The starting point is the global equity universe, which is first filtered for investability, removing companies with insufficient scale or liquidity. This is followed by a proprietary dividend screen which applies six criteria, including dividend yield relative to the market, dividend sustainability (cover and balance sheet strength), expected dividend progression, and return on invested capital. This reduces the opportunity set to roughly 400 stocks (around 10% of the global universe) which forms the core research universe for the team.
The team spends the bulk of its time getting to know this filtered universe in detail, supplemented by ideas from the wider Aegon equities team and by direct company engagement. New ideas are typically driven by change, whether in macro conditions, company strategy, earnings outlooks or dividend policy, which the team believes is often mispriced by the market in the short term.
The second stage of analysis combines three perspectives: business quality, valuation, and earnings momentum. Business quality assesses the durability of returns and dividend capacity; valuation is considered as a range-based assessment of fair value rather than a single price target; and momentum indicators, including earnings revisions, help to validate or challenge the fundamental view and improve timing.
The final stage is portfolio construction. The portfolio typically holds 40–50 stocks and is built through debate within the core team. Position sizing balances three considerations: fundamental conviction, contribution to portfolio yield and impact on overall risk.

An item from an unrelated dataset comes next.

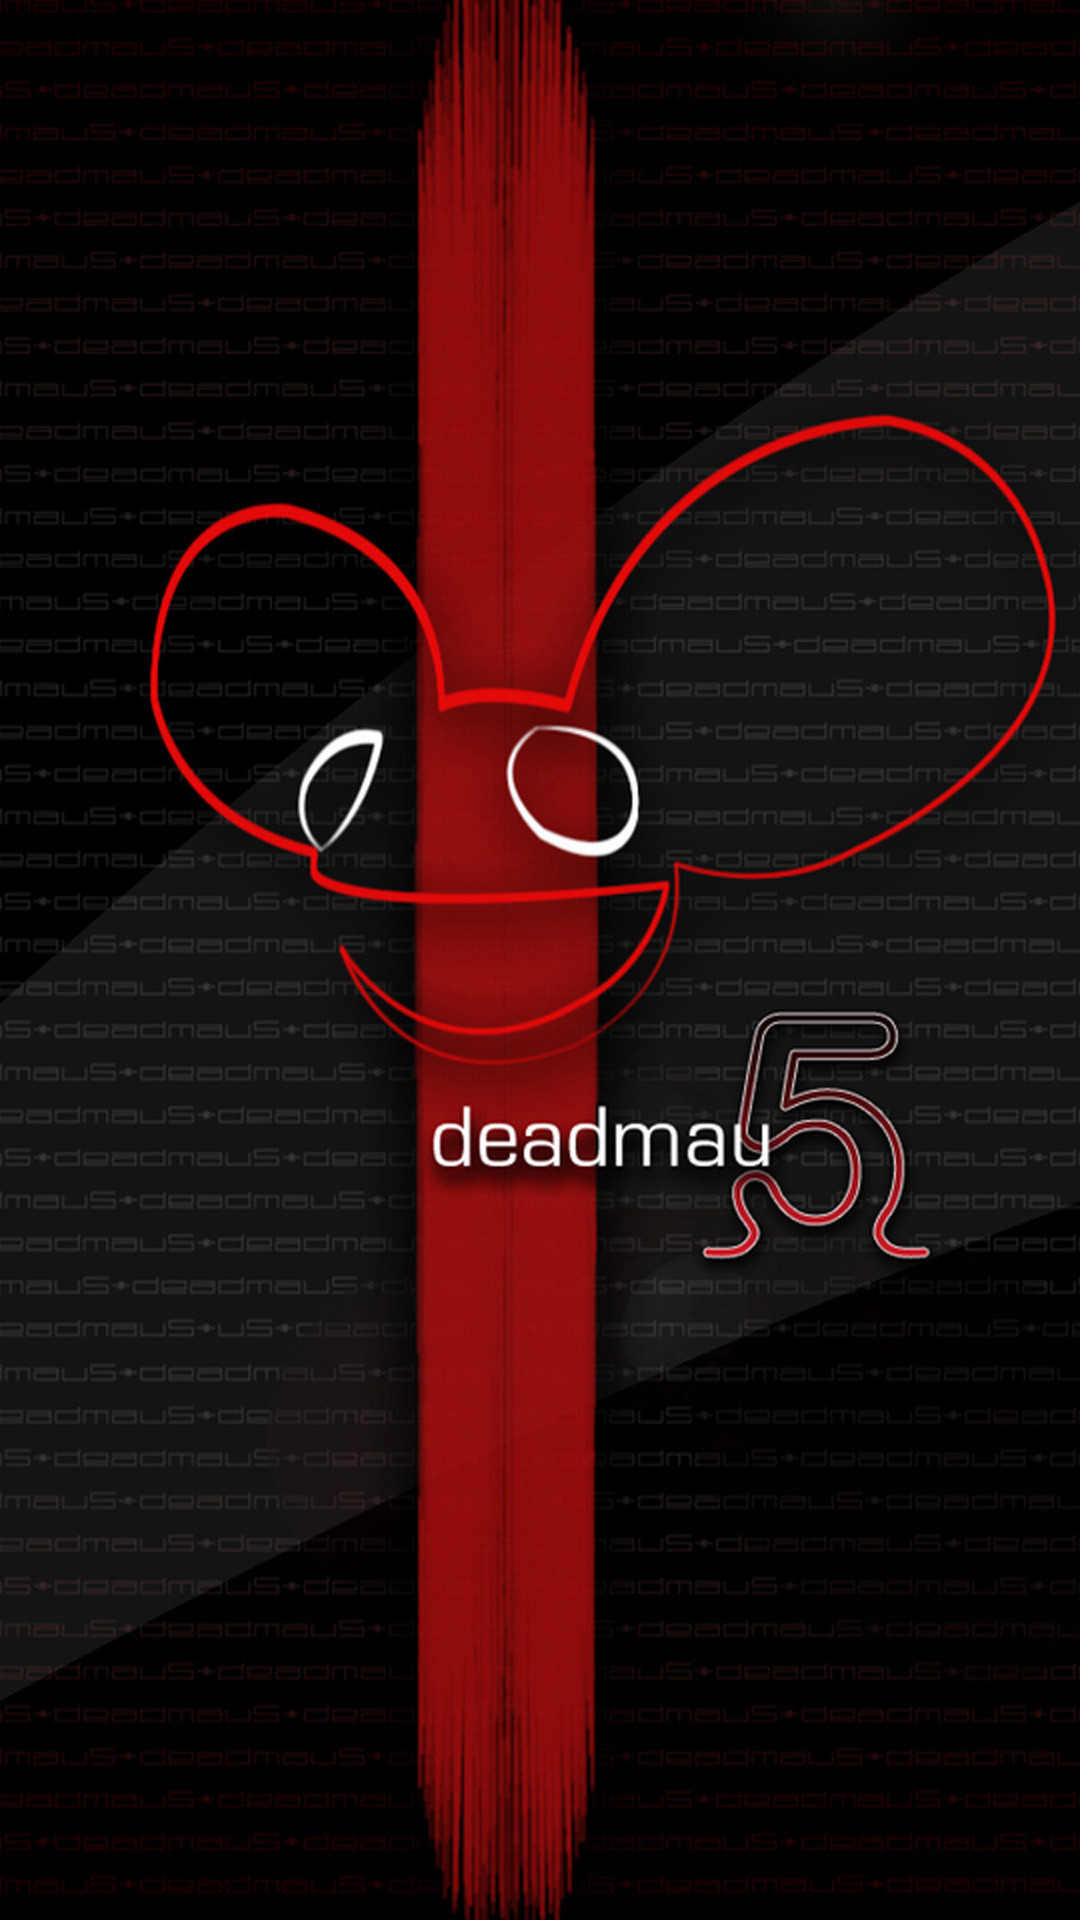 Deadmau5 Red Stripe HD Wallpaper iPhone 6 plus

A key feature of the process is the use of yield “buckets”, which helps balance the portfolio across different types of dividend exposure: a core allocation sits in a 2–4% yield range, complemented by lower-yielding structural growth companies and higher-yielding defensive holdings. The resulting portfolio is deliberately concentrated enough for conviction, but diversified enough to ensure balance across styles and cycles, with an average holding period of around three years.
Risk
Risk is managed as an integral part of the process. A dedicated portfolio risk team provides independent oversight using the BlackRock Aladdin system, with regular monitoring of portfolio characteristics including tracking error, Value at Risk (VaR) and stress testing scenarios.

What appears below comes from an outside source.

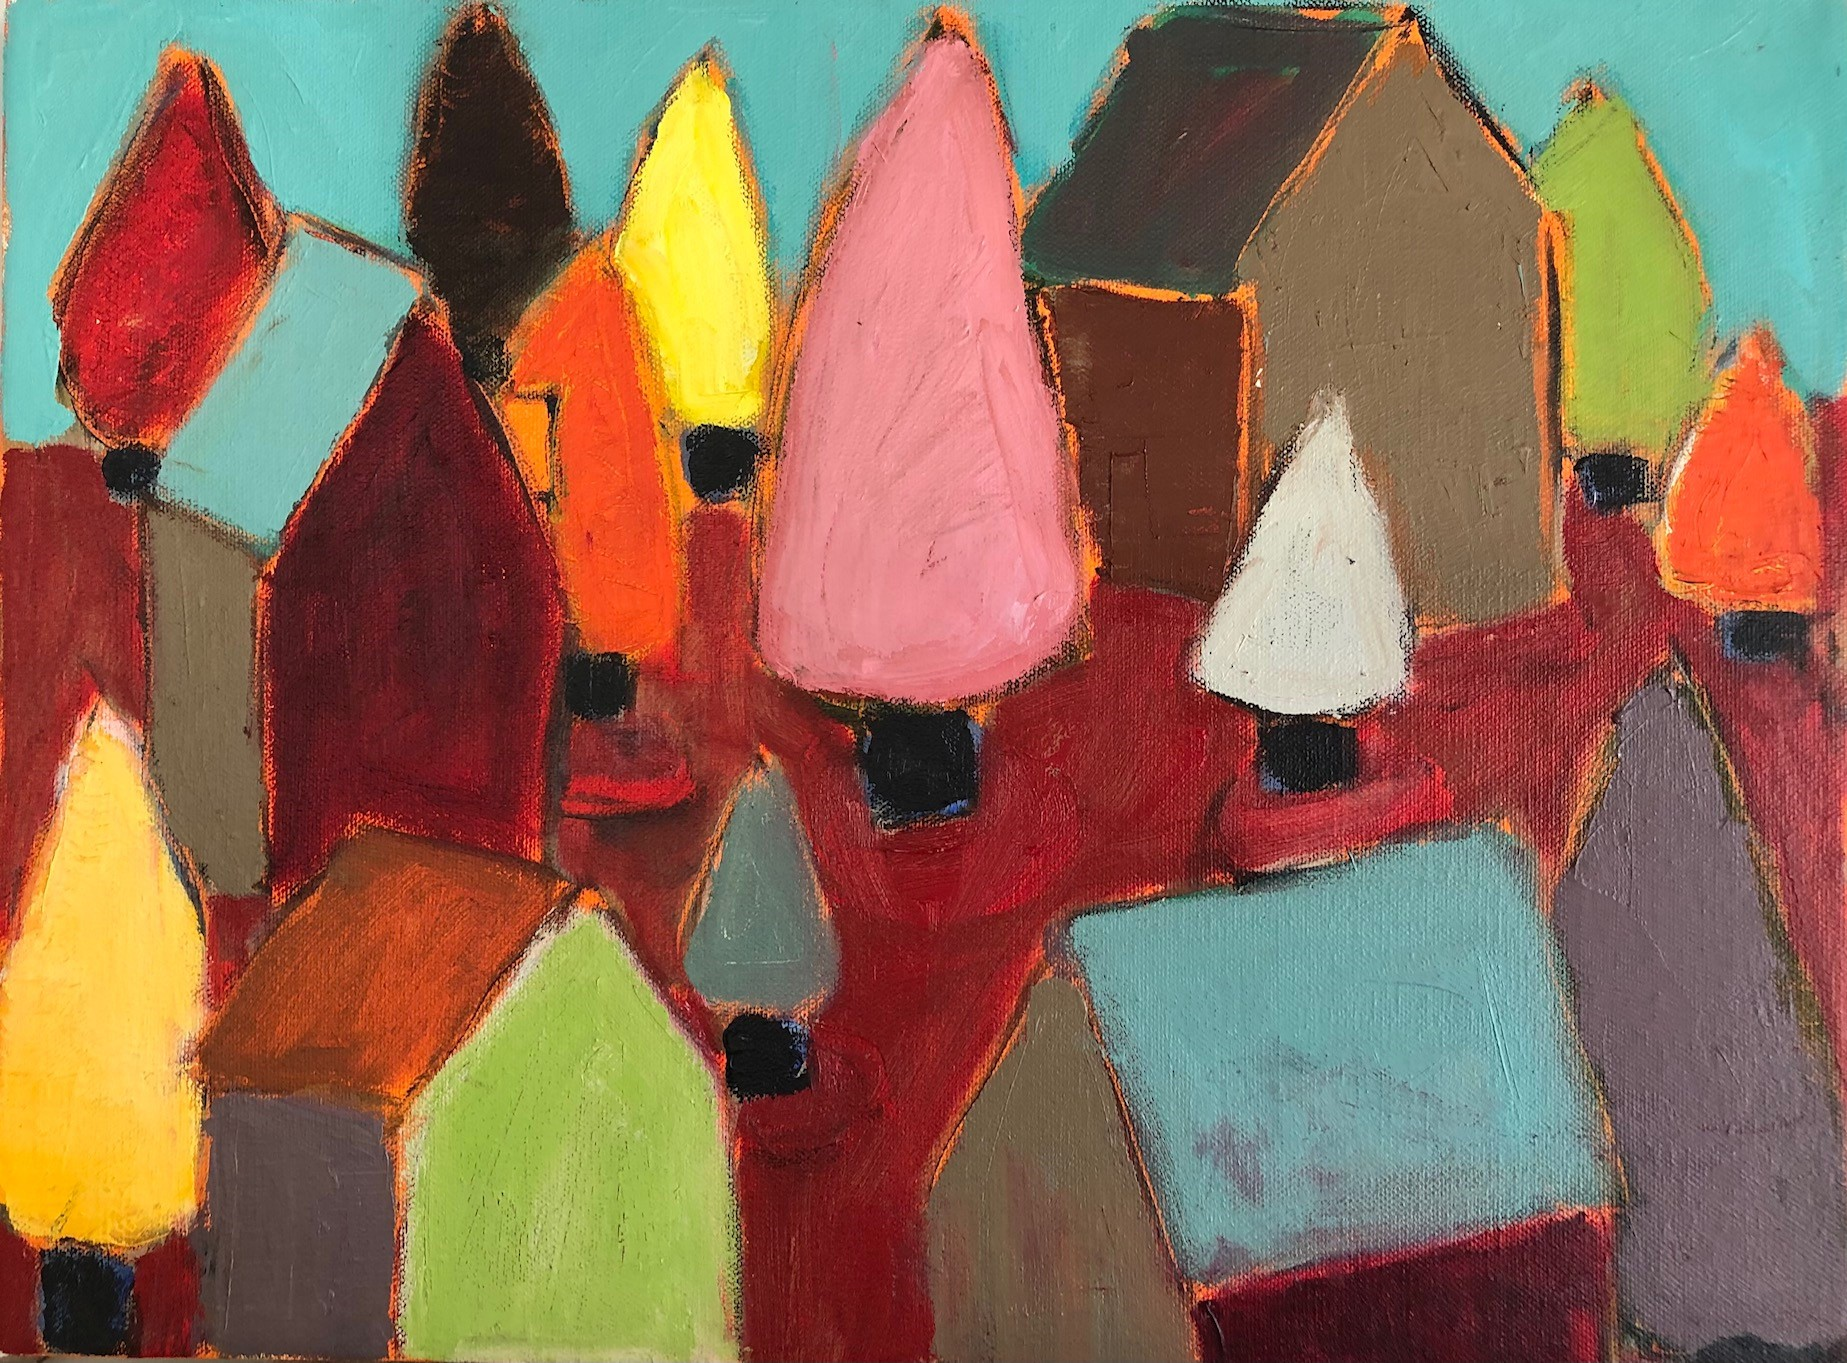 "Woodlot 12"" x 16"", Oil on canvas $300"

The portfolio is constructed with an emphasis on large-cap, highly liquid companies, which helps keep liquidity risk low. Cash is typically below 3%, with the portfolio remaining close to fully invested.

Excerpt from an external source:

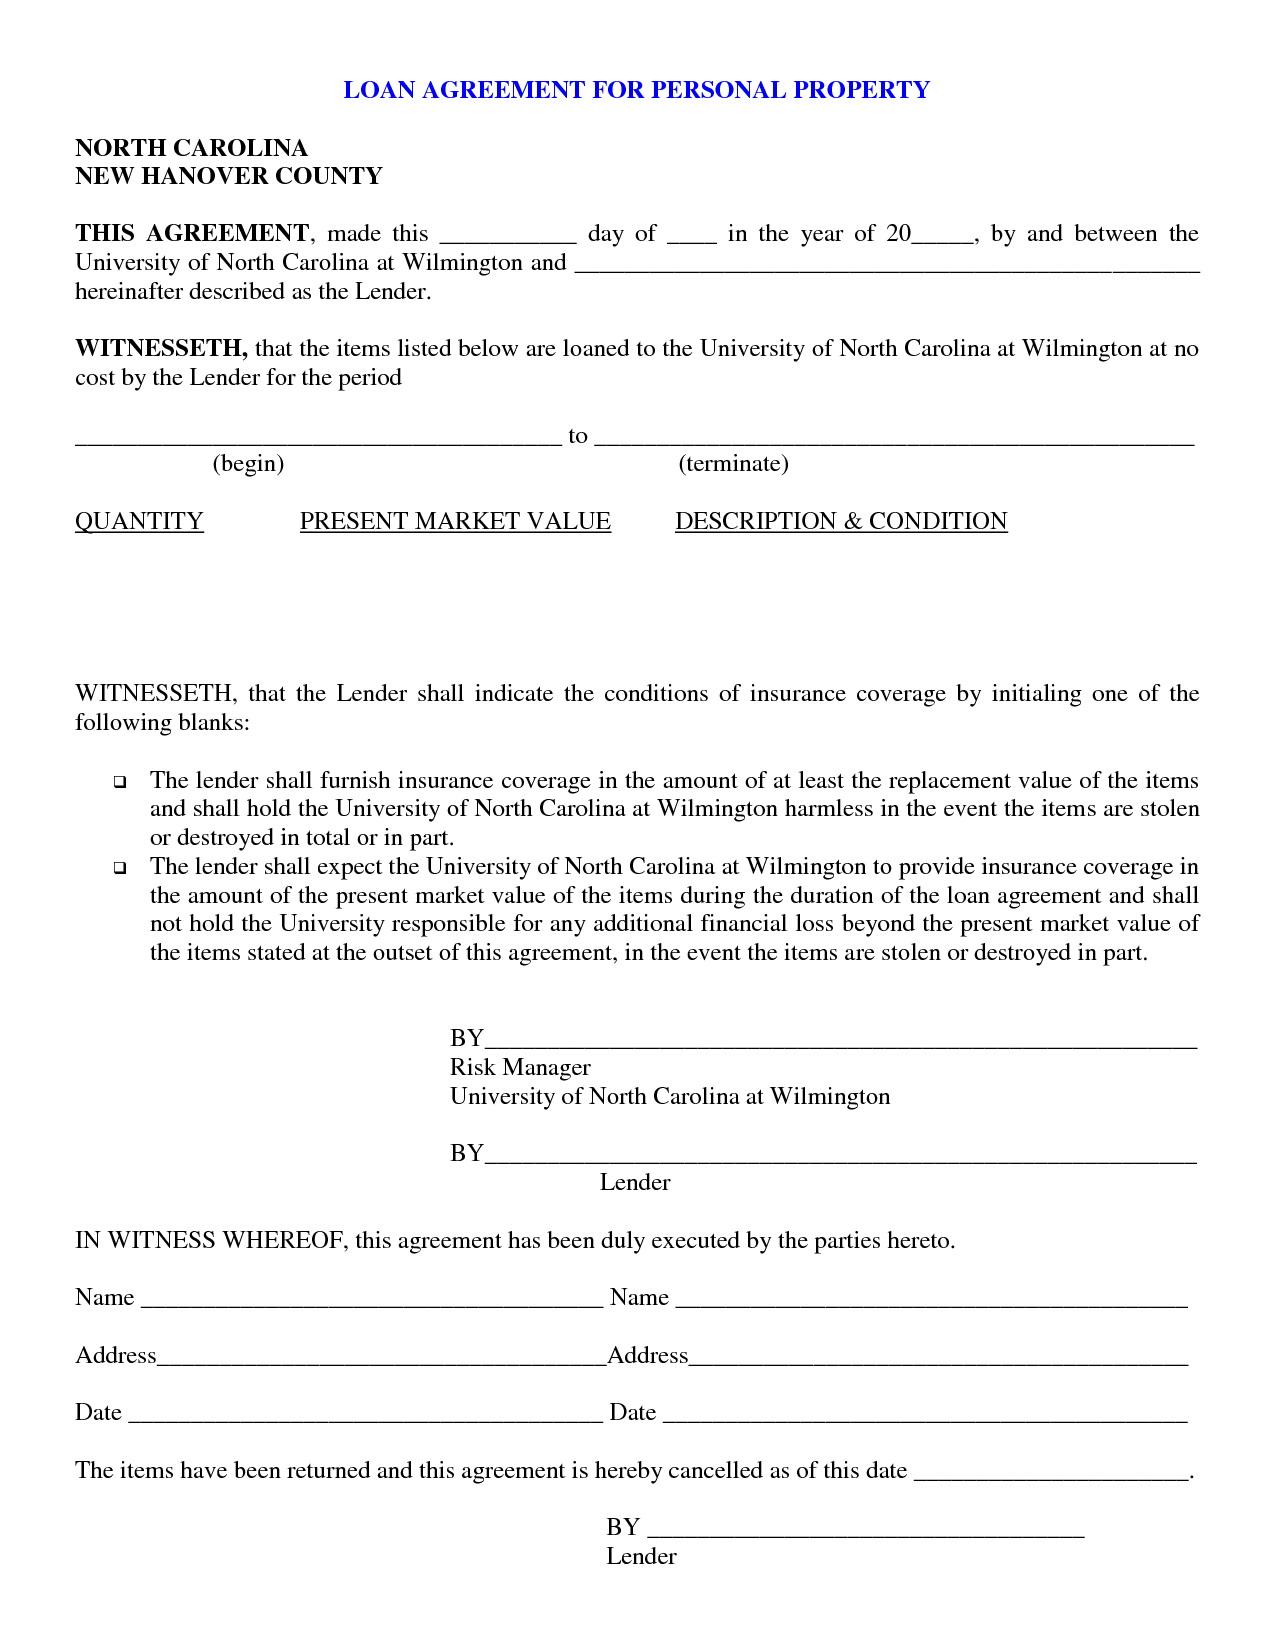 Sample Loan Agreement Template Free

Stock-specific risk is kept deliberately high, reflecting the team’s focus on fundamental research and security selection. Diversification is maintained through controls on exposures, with sector and regional deviations generally kept within approximately +/-10% relative to the MSCI All Country World Index. This helps ensure that performance is driven primarily by stock selection rather than unintended macroeconomic or geographic bets.
ESG
ESG considerations are fully integrated into bottom-up stock selection through a formal three-stage framework. For each company, analysts assess performance on material ESG factors, the significance of these factors to the overall investment case and the direction of travel over time. The fund achieved SFDR Article 8 status in 2022 and explicitly targets a portfolio weighting at least 20% higher than the MSCI All Country World index in stocks rated AAA and AA for ESG by MSCI. Active ownership is a central part of the approach, with engagement led by Aegon's Responsible Investment team and tracked against predefined milestones.